L’Europa difenda i diritti di un partito di opposizione in Ucraina minacciato da squadracce neonaziste

La seguente lettera aperta è stata inviata dal Comitato Centrale del Partito Socialista Progressista dell’Ucraina (PSPU), a seguito della sua riunione del 9 febbraio 2018, in vista di un’udienza in tribunale prevista per il 20 febbraio. Il contesto dell’udienza e del sottostante appello è il seguente:

Il 6 luglio 2017 il PSPU è comparso in tribunale chiedendo un giudizio in merito alla illegalità delle decisioni del Ministero della Giustizia ucraino relativa al PSPU. Le decisioni in questione sono il rifiuto del formale riconoscimento della Carta, del Programma e della composizione dei corpi dirigenti il partito, adottati nel XXXI Congresso Straordinario del 18 marzo 2017. Prima di tale decisione, due precedenti congressi del PSPU (2015, 2016) erano stati parimenti ignorati dal Ministero della Giustizia ucraino. Conseguentemente, la libera attività del PSPU è stata impedita dal 2015. Il tribunale interessato ha rimandato due volte l’esame del caso. La prossima sessione della Corte Amministrativa Distrettuale della Città di Kiev è prevista per il 20 febbraio 2018.

APPELLO

All’OSCE/ODHR

Alla Commissione Europea per la Democrazia attraverso il Diritto – Commissione di Venezia

Difendiamo la democrazia in Ucraina!

Difendiamo i diritti dei partiti d’opposizione!

Appello del Comitato Centrale
del Partito Socialista Progressista dell’Ucraina

9 febbraio 2018

Il Comitato Centrale del Partito Socialista Progressista dell’Ucraina esorta voi, membri di una organizzazione internazionale autorevole, chiamata a regolare e affermare rispettivamente i valori fondamentali della democrazia europea e i valori europei, a considerare e valutare le azioni delle autorità ucraine nei confronti del Partito Socialista Progressista dell’Ucraina, un partito politico ucraino.

Il Partito Socialista Progressista dell’Ucraina (PSPU) fu fondato nel 1996 ed è uno dei pochi partiti ucraini ad aver nelle [passate] elezioni conquistato seggi parlamentari. Il PSPU nominò per due volte la sua Presidente, Natalia Vitrenko, quale candidata alla Presidenza dell’Ucraina. Il partito ha visto eletti suoi membri come rappresentanti locali e nei corpi di autogoverno di molte regioni ucraine.

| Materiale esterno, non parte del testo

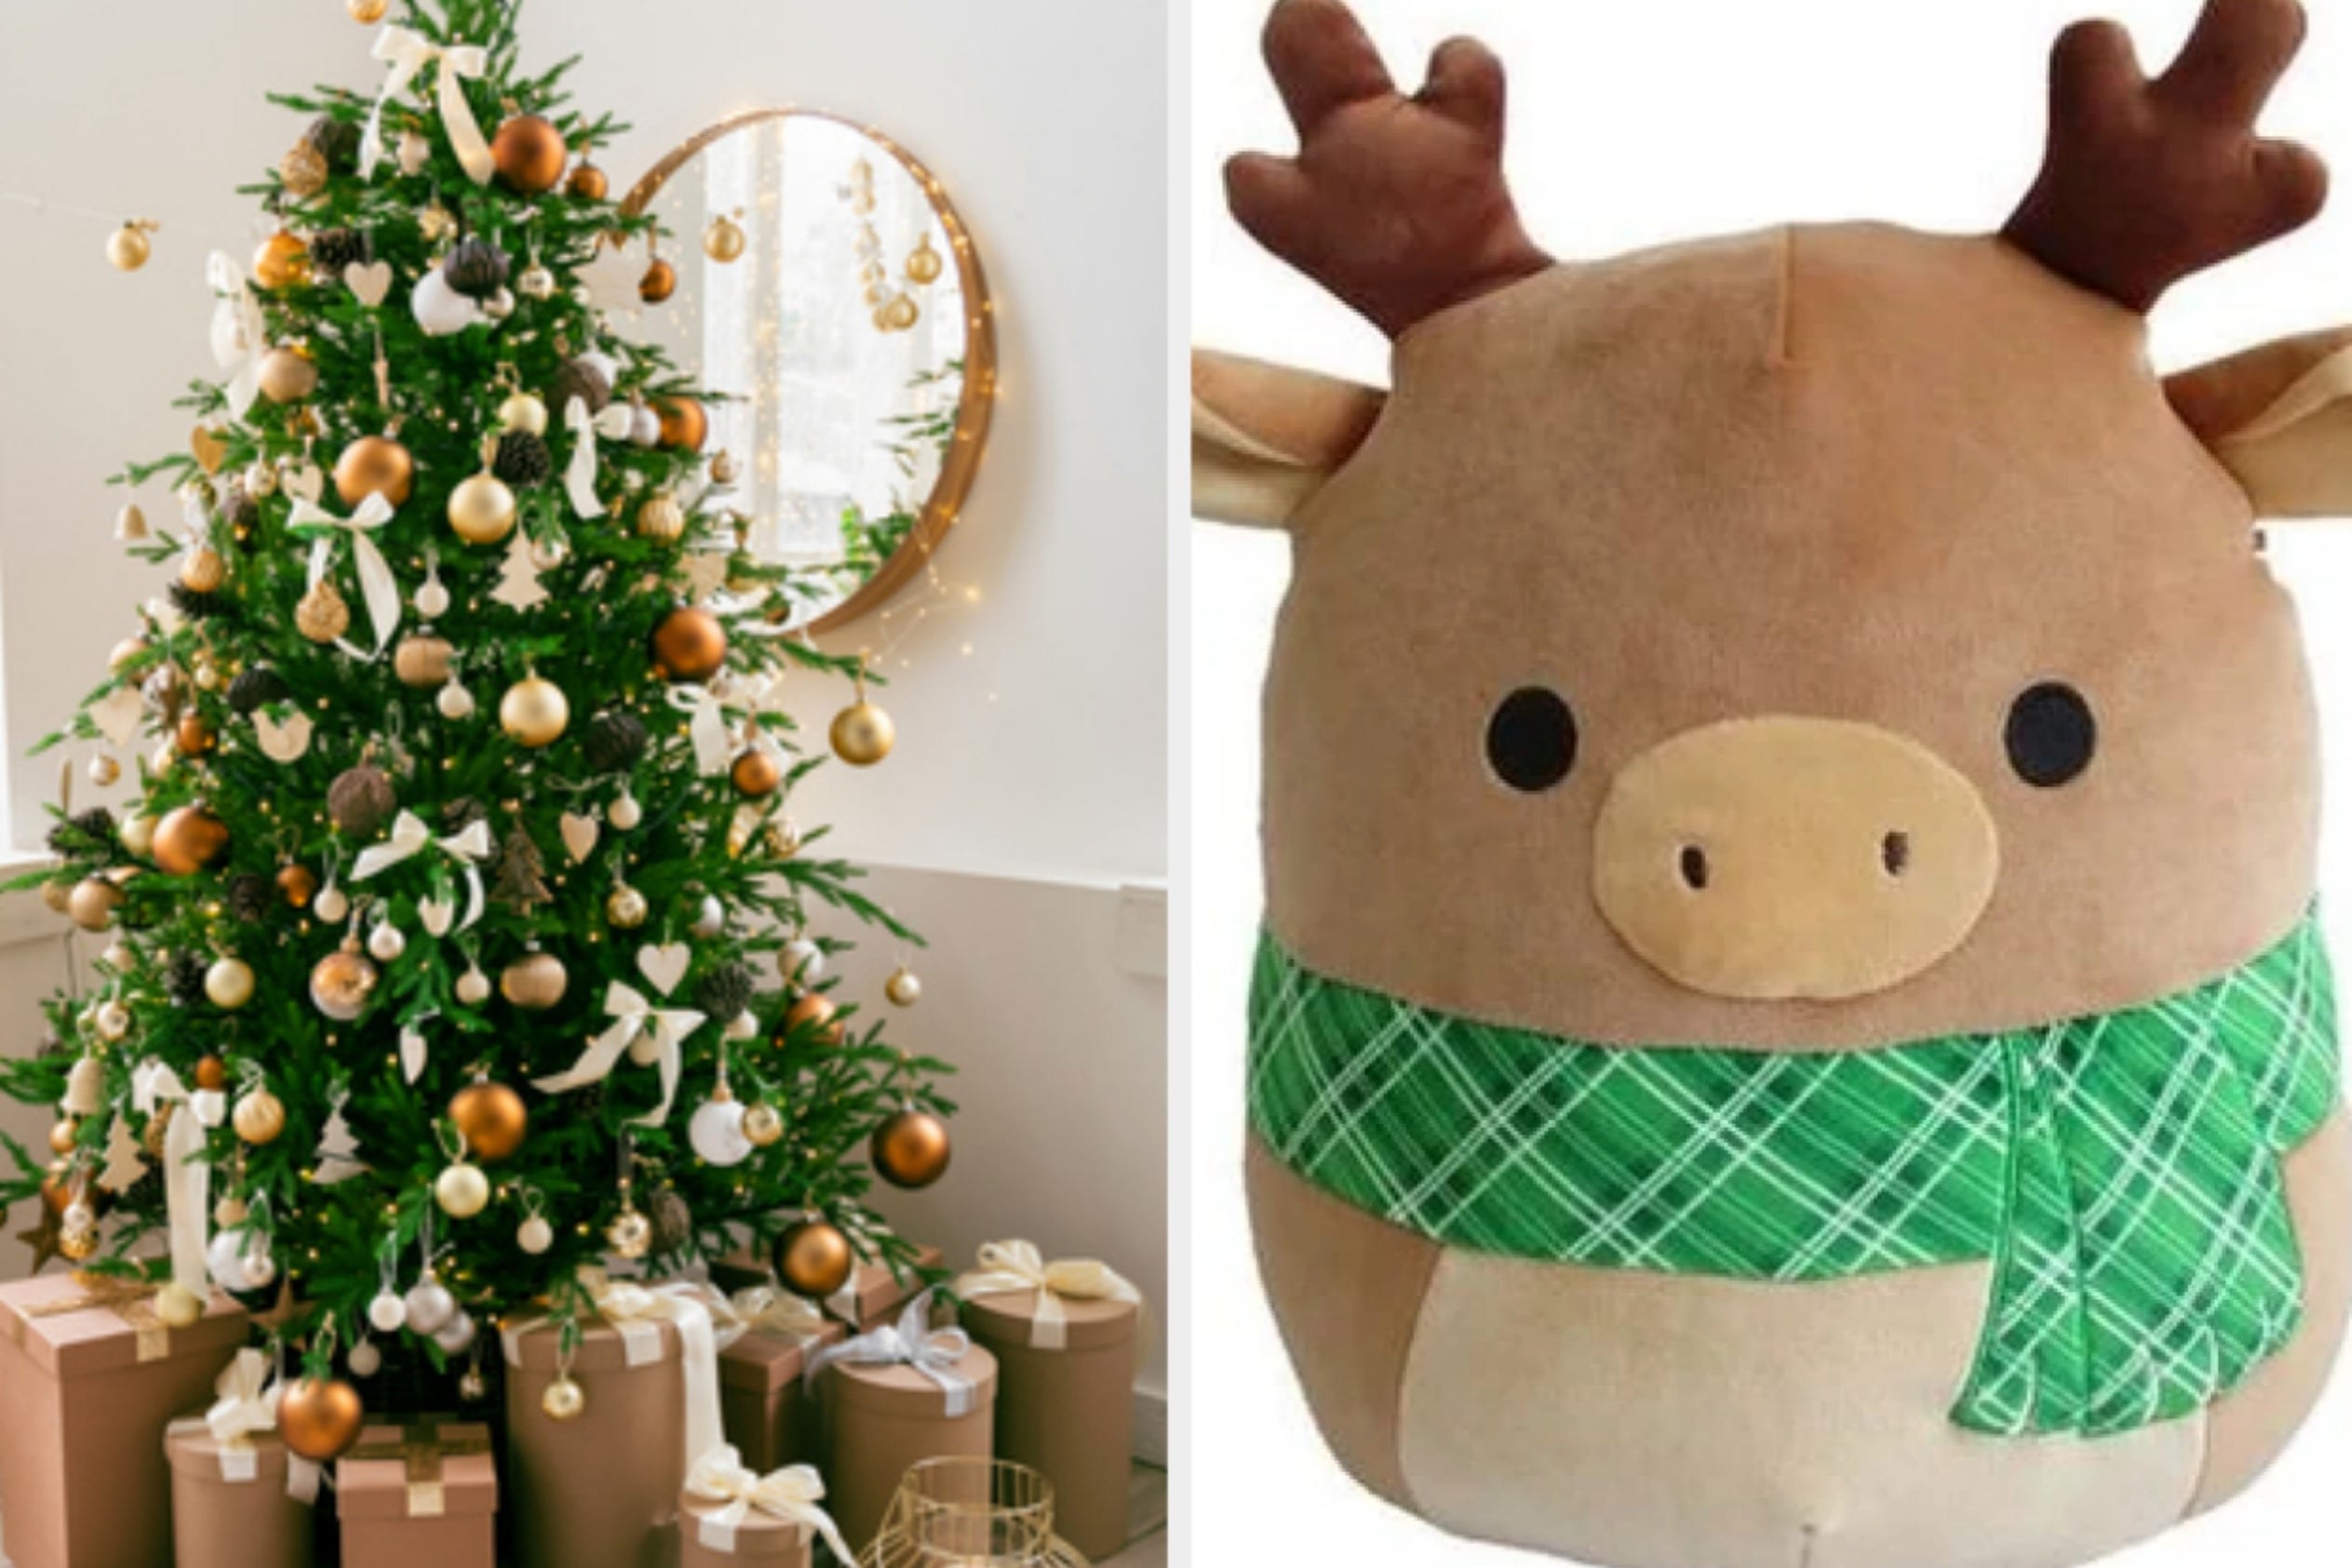 On the left, a Christmas tree with wrapped presents underneath it, and on the right, Ruby the Reindeer Squishmallow

Sin dalla sua fondazione, il PSPU ha agito in pieno rispetto della Costituzione ucraina e delle leggi dell’Ucraina, delle norme e dei principî della legge internazionale, e in accordo con la Carta del PSPU, votata in congresso. Durante il periodo nel quale il partito è stato attivo, gli enti governativi di supervisione non hanno mai mosso critiche nei nostri confronti, né contro le attività del partito previste dalla Carta, né contro le attività delle sue organizzazioni regionali. Per tutti quegli anni, l’attività del nostro partito è stata controllata, come richiede la legge, dal Ministero ucraino della Giustizia e dalla Commissione Elettorale Centrale dell’Ucraina. Le campagne [report-and-election ?], i congressi ordinarî e straordinarî del PSPU e la procedura di elezione nei corpi esecutivi del partito sono sempre stati considerati legittimi. I canditati del partito quali deputati della Suprema Rada dell’Ucraina, degli enti di autogoverno e della Presidenza dell’Ucraina sono sempre stati considerati legittimi e legali, e hanno sempre partecipato alle campagne elettorali, esercitando i loro diritti elettorali.

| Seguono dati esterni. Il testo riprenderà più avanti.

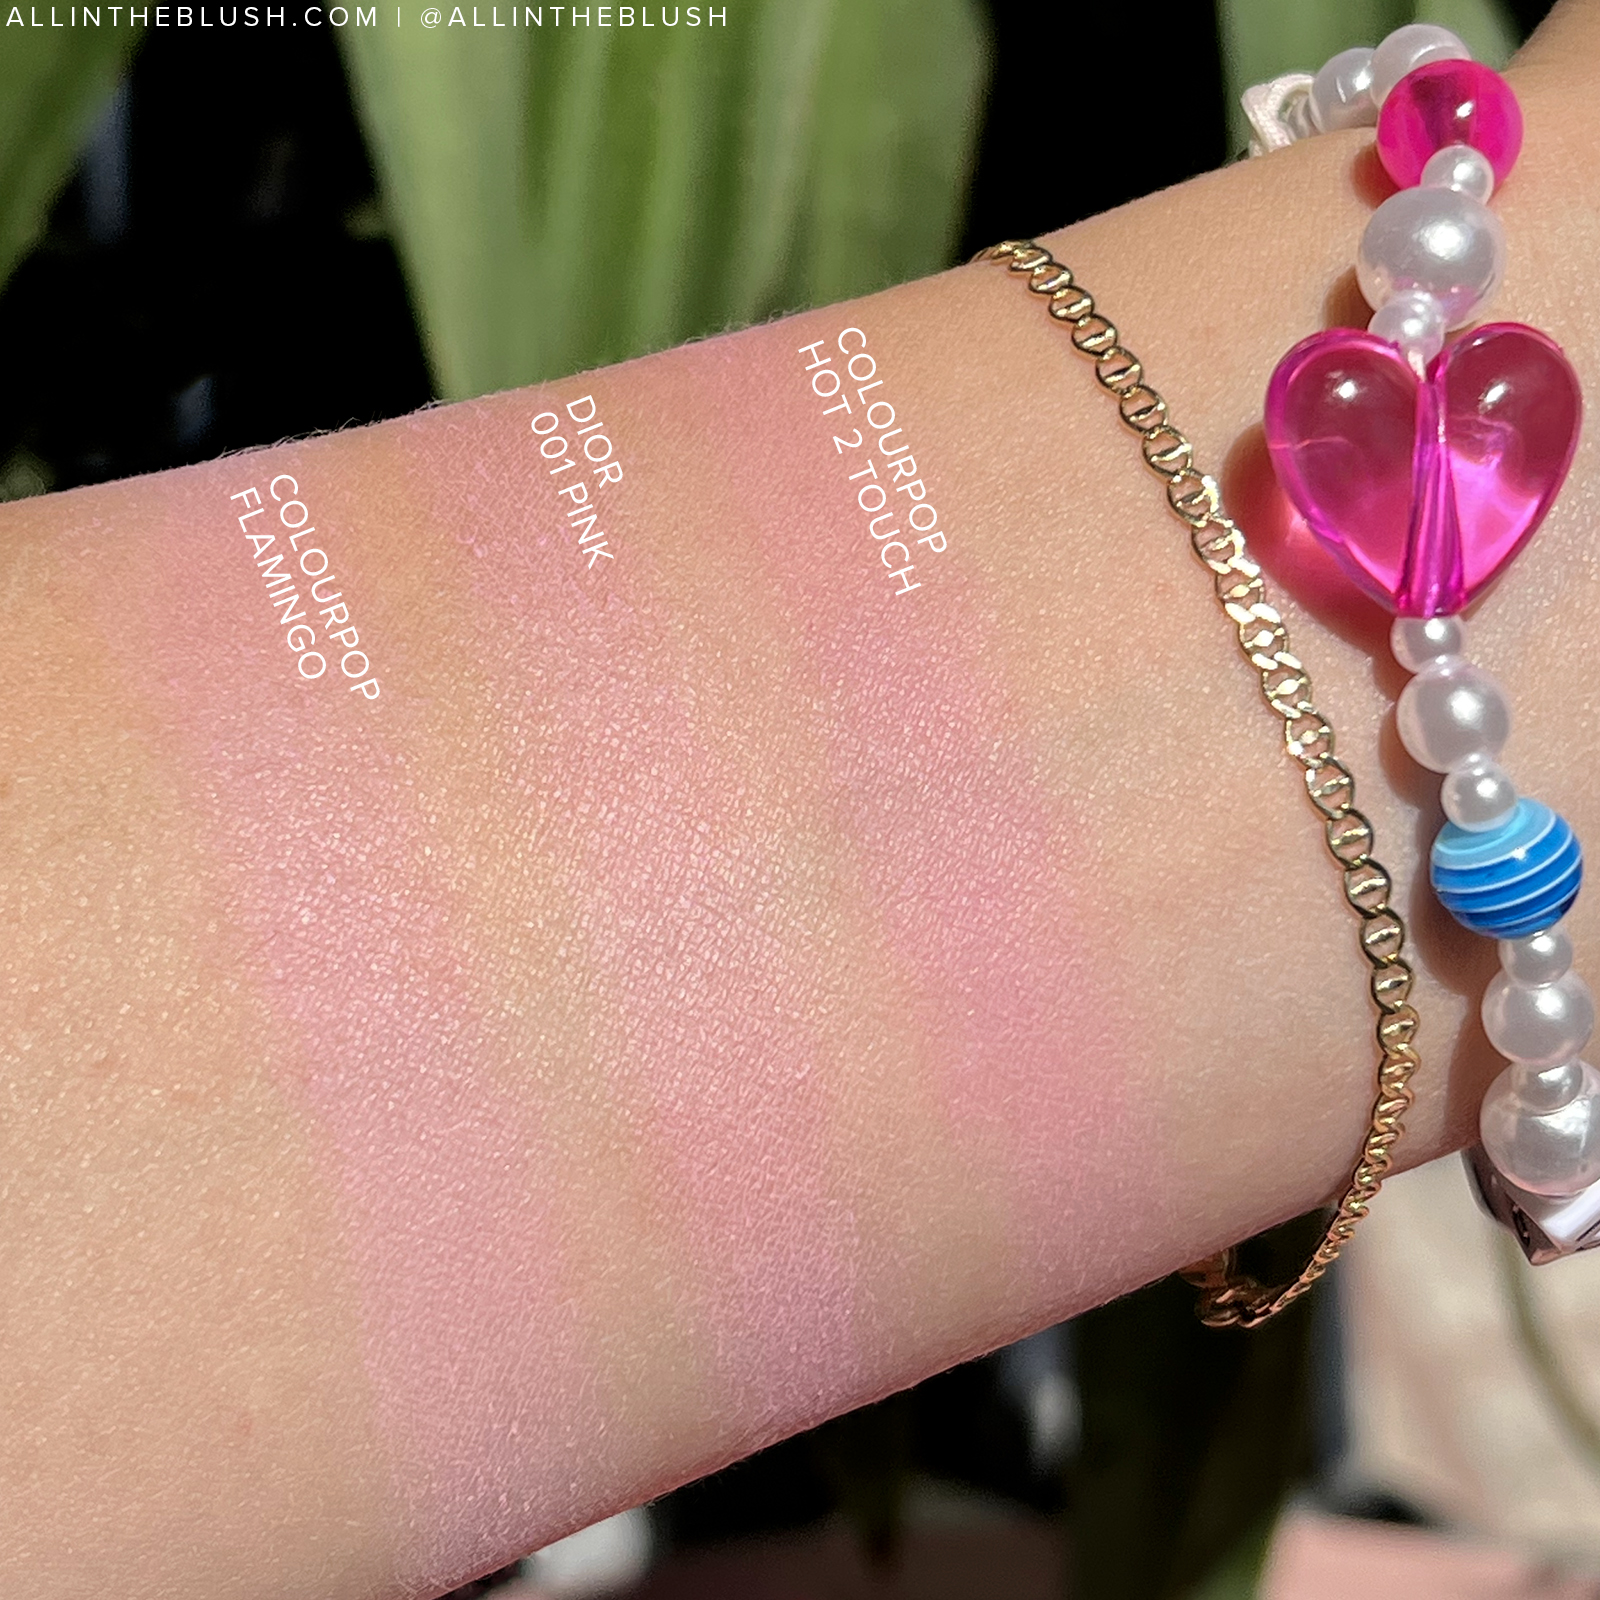 Periodiek Dageraad ballet ColourPop Dupes for Dior 001 Pink Rosy Glow Blush - All In The Blush

Sfortunatamente, attualmente le autorità ucraine, nella fattispecie il governo e il Ministero della Giustizia ucraino, stanno conducendo una politica di discriminazione nei confronti del nostro partito d’opposizione, inaccettabile in una società democratica; essa si spinge alla persecuzione informativa, politica e fisica, con atti di terrore contro i dirigenti e gli attivisti del partito. L’attività del partito è stata a tutti gli effetti bloccata, impedita. Il partito è oscurato dai media e le sua azioni pubbliche pacifiche vengono impedite da bande neonaziste mandate contro i nostri sostenitori, nelle quali esse compiono atti di violenza fisica contro di essi, quali membri del PSPU.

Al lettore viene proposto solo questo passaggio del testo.